For the supporters of gun rights, Tucker's comments provide incontrovertible proof that "the right to bear arms was originally understood to protect an individual right to keep and use firearms for personal self-defense, hunting, and any other lawful activity." As it turns out the individual rights misreading of Tucker, and by extension the Second Amendment, is a stark example of how constitutional scholarship can be "hijacked for ideological purposes…"

Far from being a right of personal defense, as modern gun advocates urge, Tucker saw the Second Amendment provision protecting the right to bear arms as necessary to mitigate anti-Federalist worries that the federal government might threaten the states; to assuage their fears about the potential disarmament of the state militias.

Tucker was by no means alone in describing the Second Amendment as the "palladium of liberty," a remarkable phrase the origin of which we should take a moment to ponder. The Palladium goes back to Ancient Troy and the statue of Pallas Athena which was believed to ensure the safety and survival of the city. In other words, the Palladium was a wooden idol, thought to guarantee the well-being of the Trojan state. As anyone who has read their Homer knows, the Palladium did not protect Troy from utter ruin, and in fact the goddess who did most to bring about the fall of Troy was Athena herself. The Palladium turned out to be no more than a fetish, an object accorded special powers that it does not in reality possess. Meanwhile, the actual goddess Athena was bent on Troy's downfall.
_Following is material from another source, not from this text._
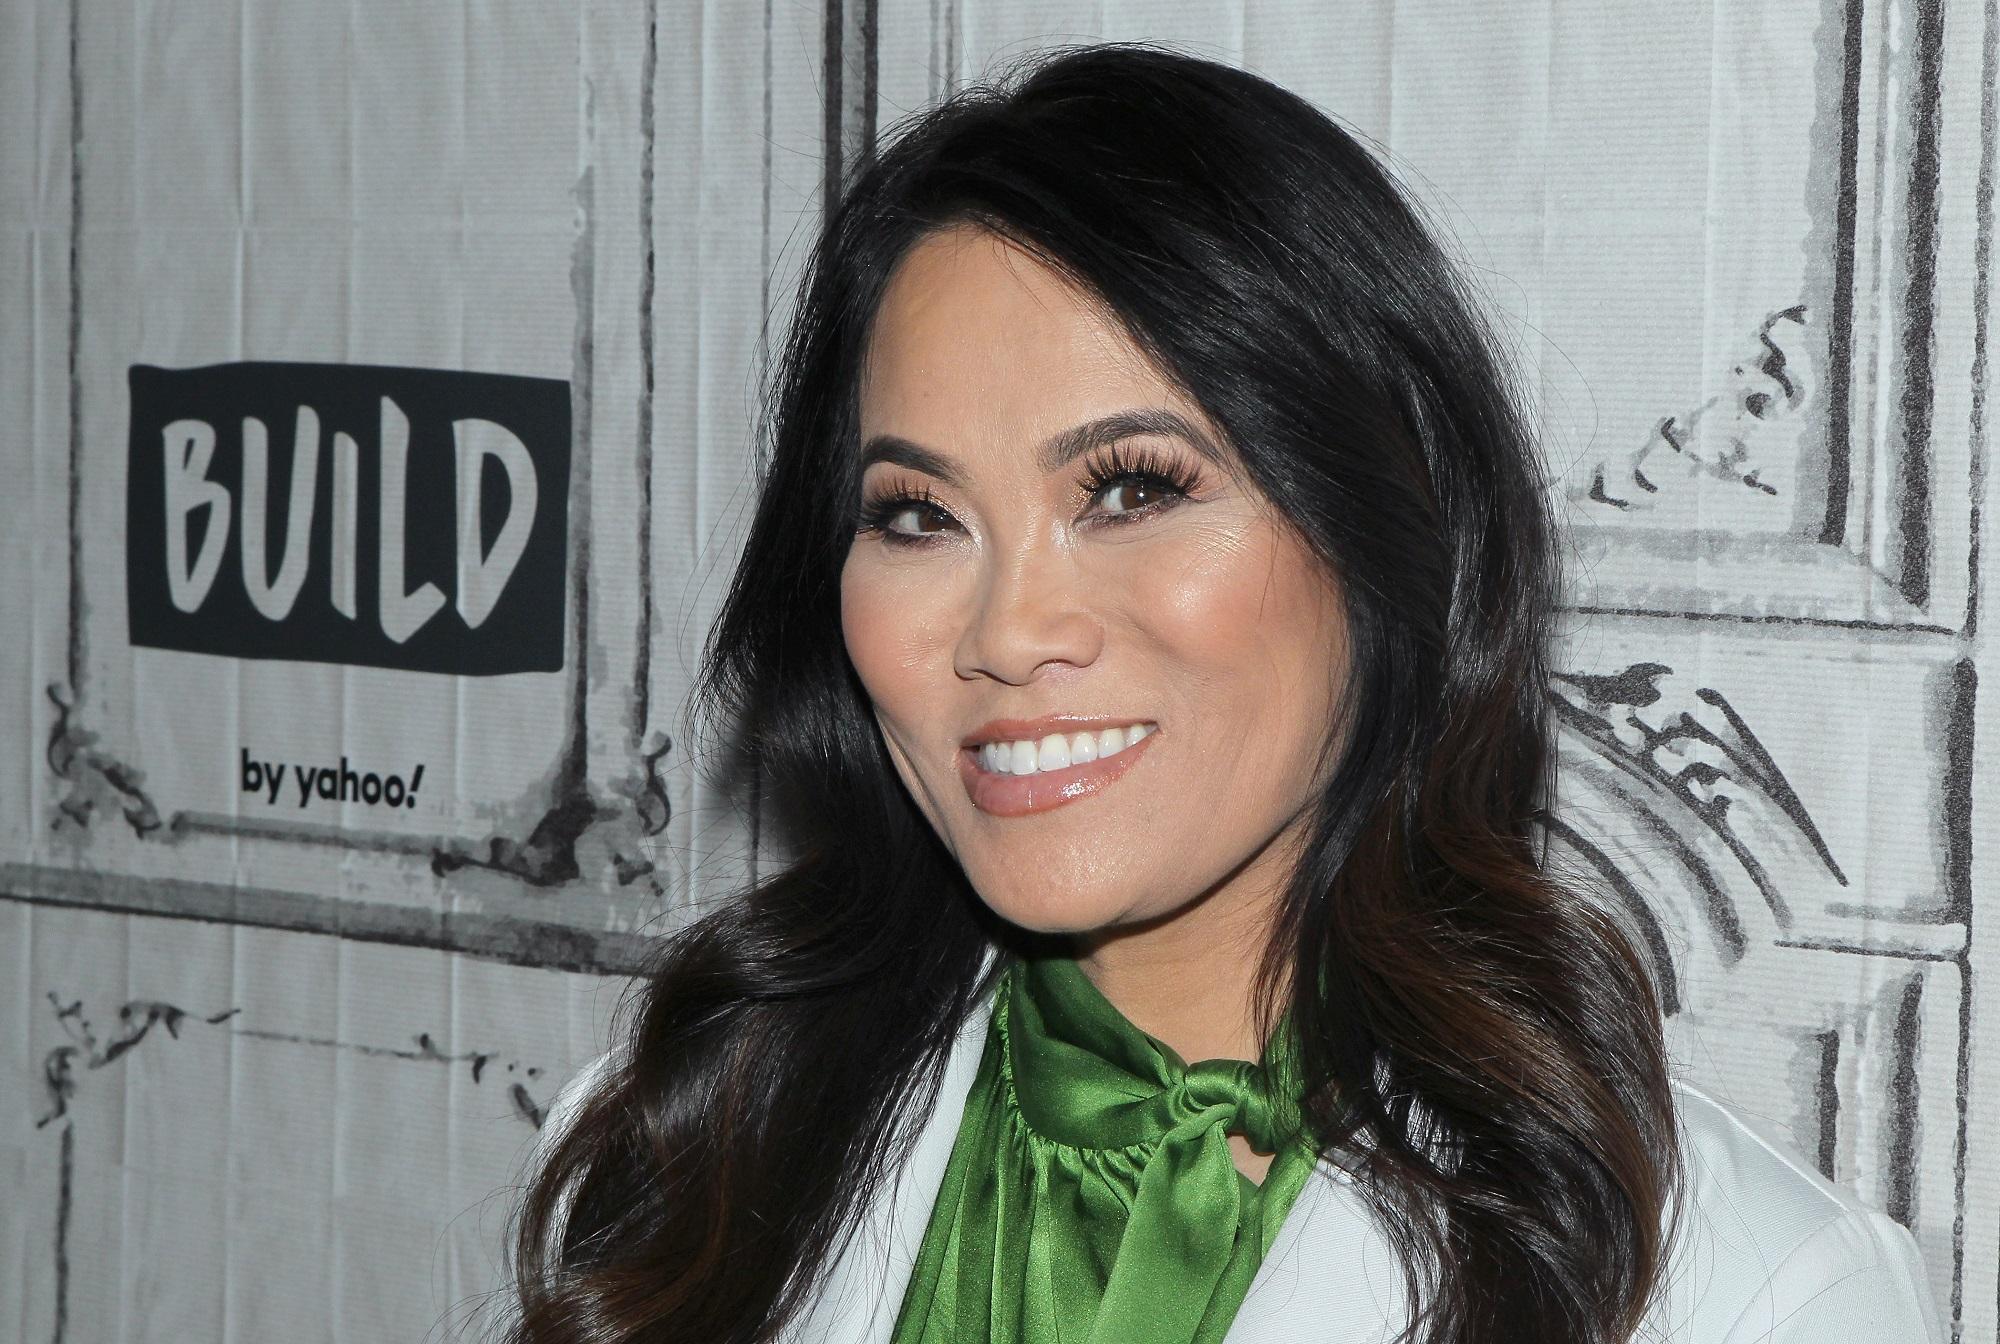 Dr. Pimple Popper's Dr. Sandra Lee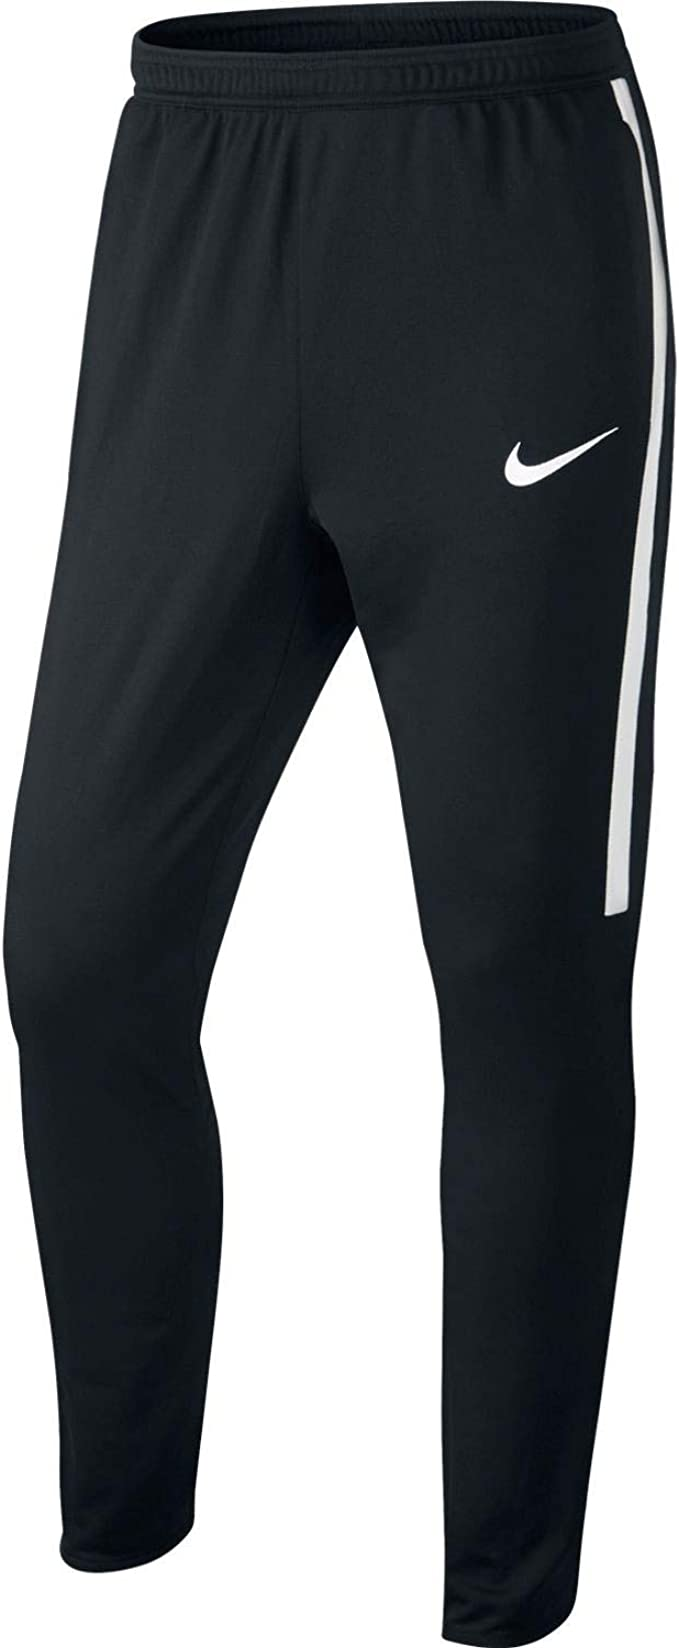 Unirse Velas gusto  Amazon.com: Nike Womens Squad 17 Knit Track Pants Black/White Large:  Clothing

The Second Amendment, we are told by Tucker is and his followers, is the palladium, the guarantor or safeguard of our freedom. My thesis is quite simple: Those who wish to defend the Second Amendment as the palladium of liberty are right about one thing. The Second Amendment is indeed an idol, a false idol it turns out – and rather than guaranteeing our liberty it is daily guaranteeing our death and self-destruction. The Second Amendment is not the palladium, the guarantor of liberty, but the palladium of meaningless death and carnage.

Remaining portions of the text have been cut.